Sunday, November 12, 2006

Programming & Progressing ProSonic

I've been able to work more on ProSonic lately. I have completed the new PZF format and have successfully written the library to load, save, and compile PZF files. This is a major step in the development of this project because as I've said before, PZF files are part of the backbone of this project. They contain all the level data like object layout, block-maps, tile-maps, palette, and so on.

On top of that, I have designed a sprite format to be used by ProSonic. Originally I had stated that games using 16-bit color wouldn't be able to load certain types of data from 8-bit color games, and vice-versa. I can't guarentee that won't still be the case to some degree, but I can safely say the new format for sprites is the only format that will be used by the engine. It will work in both 8-bit and 16-bit color modes. It has a sophisticated design that also includes features such as built-in color cyclers and multiple palettes that can be activated on a pixel-by-pixel basis. This will simplify development so there doesn't have to be a standard "reserved" set of colors that are always in the same place in every palette. My format allows ProSonic to locate the colors used for the image and draw it accordingly, regardless what the color indexes are. Of course it also contains data specific to 8-bit color mode so it automatically knows what index it should search "first". And if a color isn't found, ProSonic will grab the closest color to the one it's looking for.
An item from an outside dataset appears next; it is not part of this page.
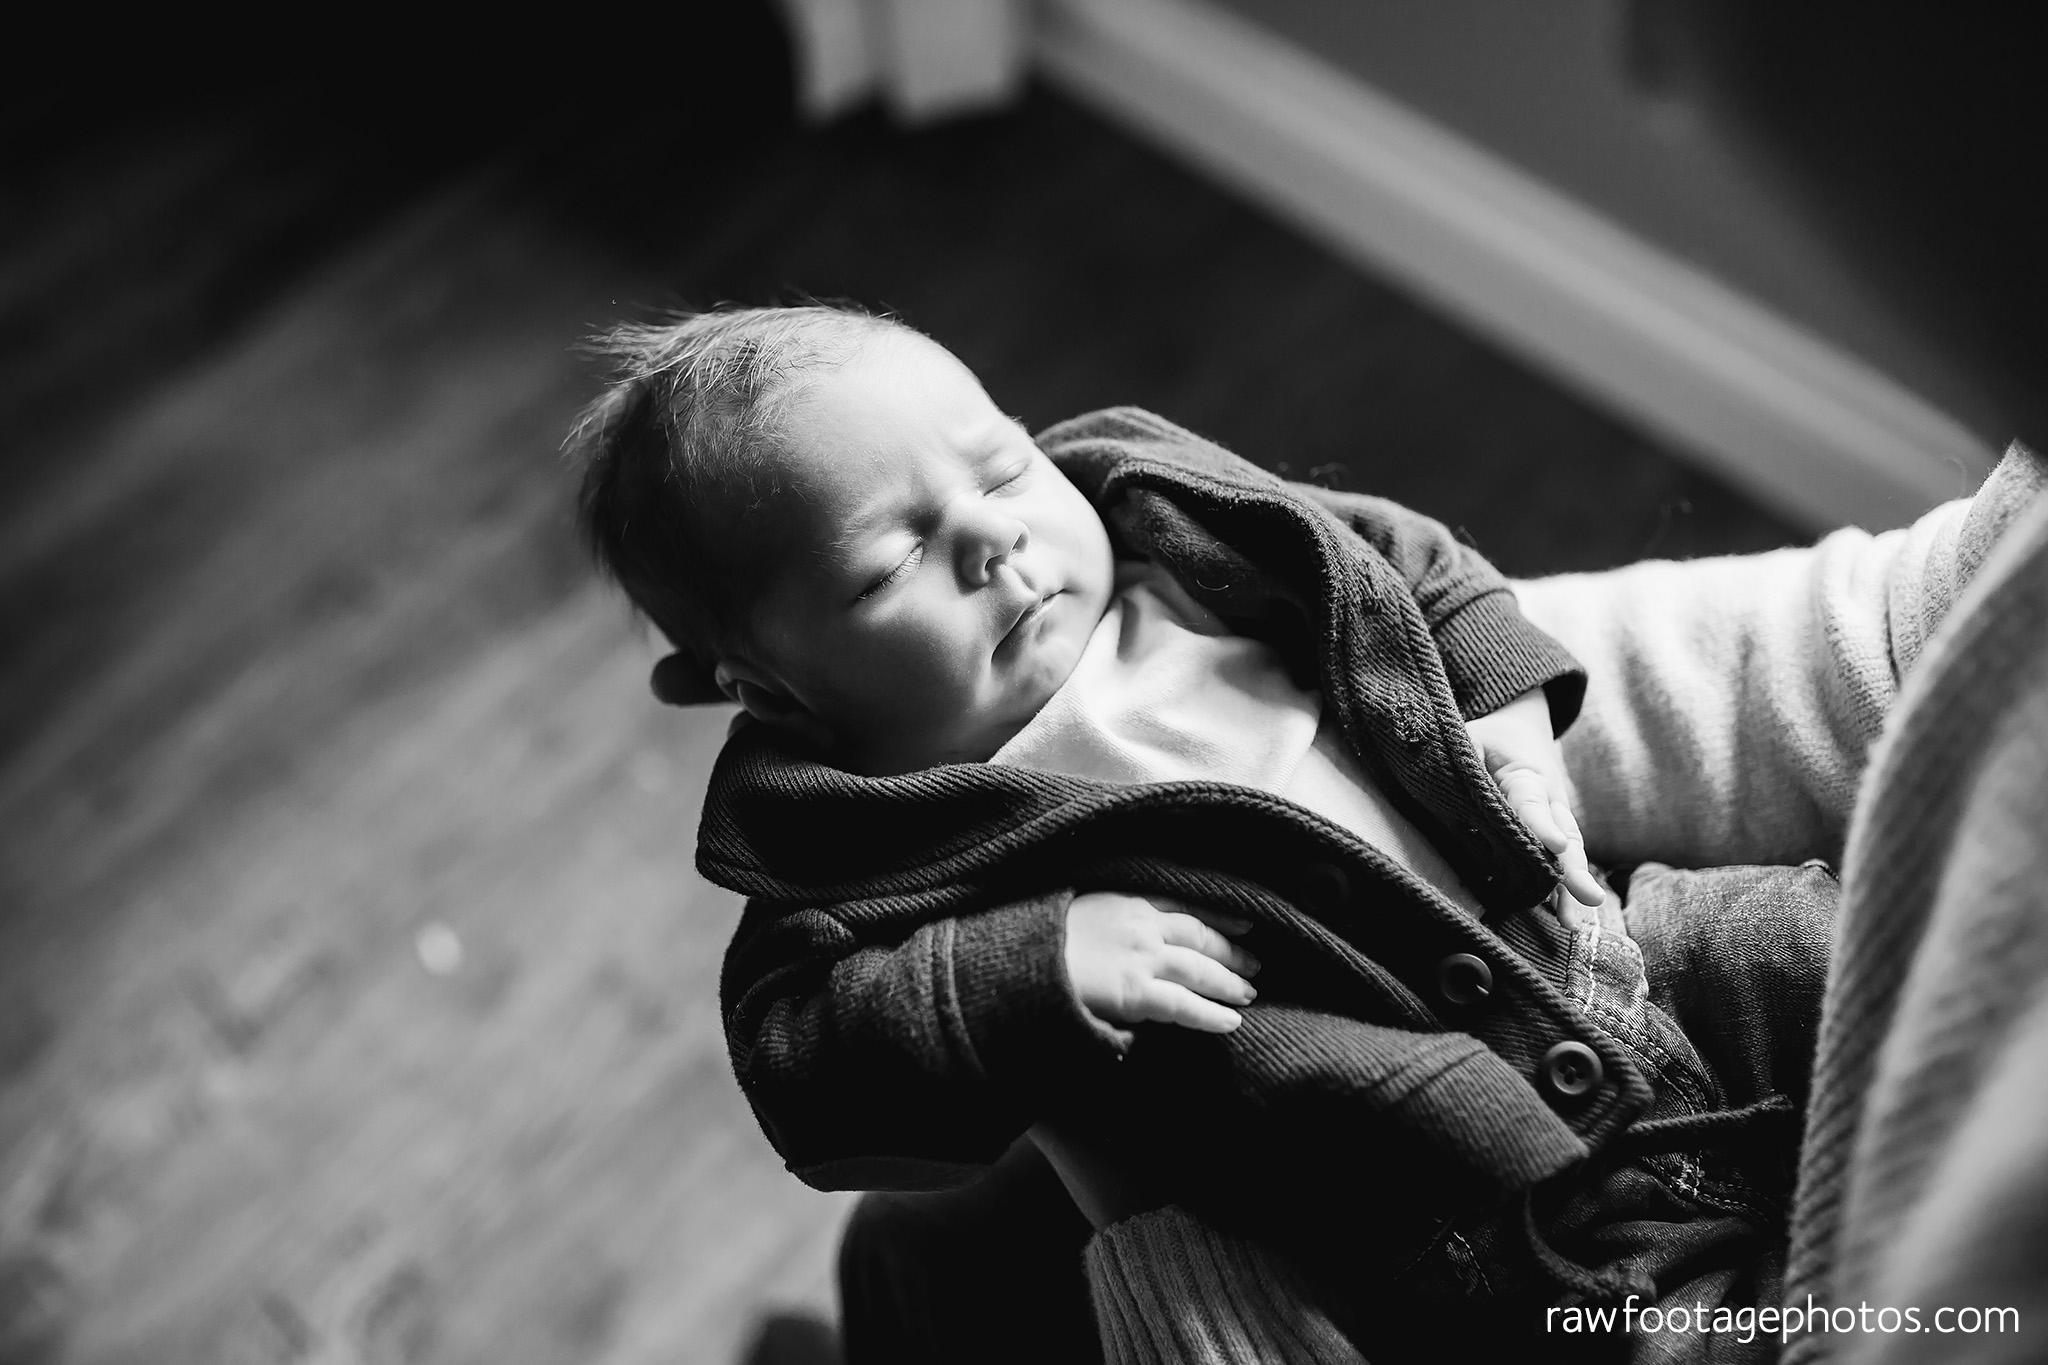 london_ontario_newborn_lifestyle_photographer-best_of_2018-raw_footage_photography011.jpg

I will also be writing a library for drawing the sprites and tiles because it has become too complicated to rip code from the engine and use it in an editing utility. The problem is I always find myself searching through the code for incompatibilities to work out so the code works the way it should in the specific utility I'm using it in. If the code gets updated, I have to update it in every utility. So a library specific to graphics-related operations is essential.

Once I get all this kind of stuff sorted out, I can get utilities out much quicker and make developing ProSonic less painful. As long as I have the time, I am committed to continuing ProSonic and making it people's choice for a game development environment. I know a couple people don't take me too seriously because they either have something against me, or they simply need interactive proof. I'm trying to get there, but every project needs to go through a bit of a clean-up period sooner or later.

By the way, I haven't forgotten about those questions. I just haven't quite gotten around to answering them yet. I will do the deed, I promise.


Anonymous said...

Way to go Damian!!!!!!! :D :D :D

Anonymous said...

Wow, Great Work Sax! Keep It Up! When can we expect a BETA?

Damian said...

You might just get a beta. Lets hope.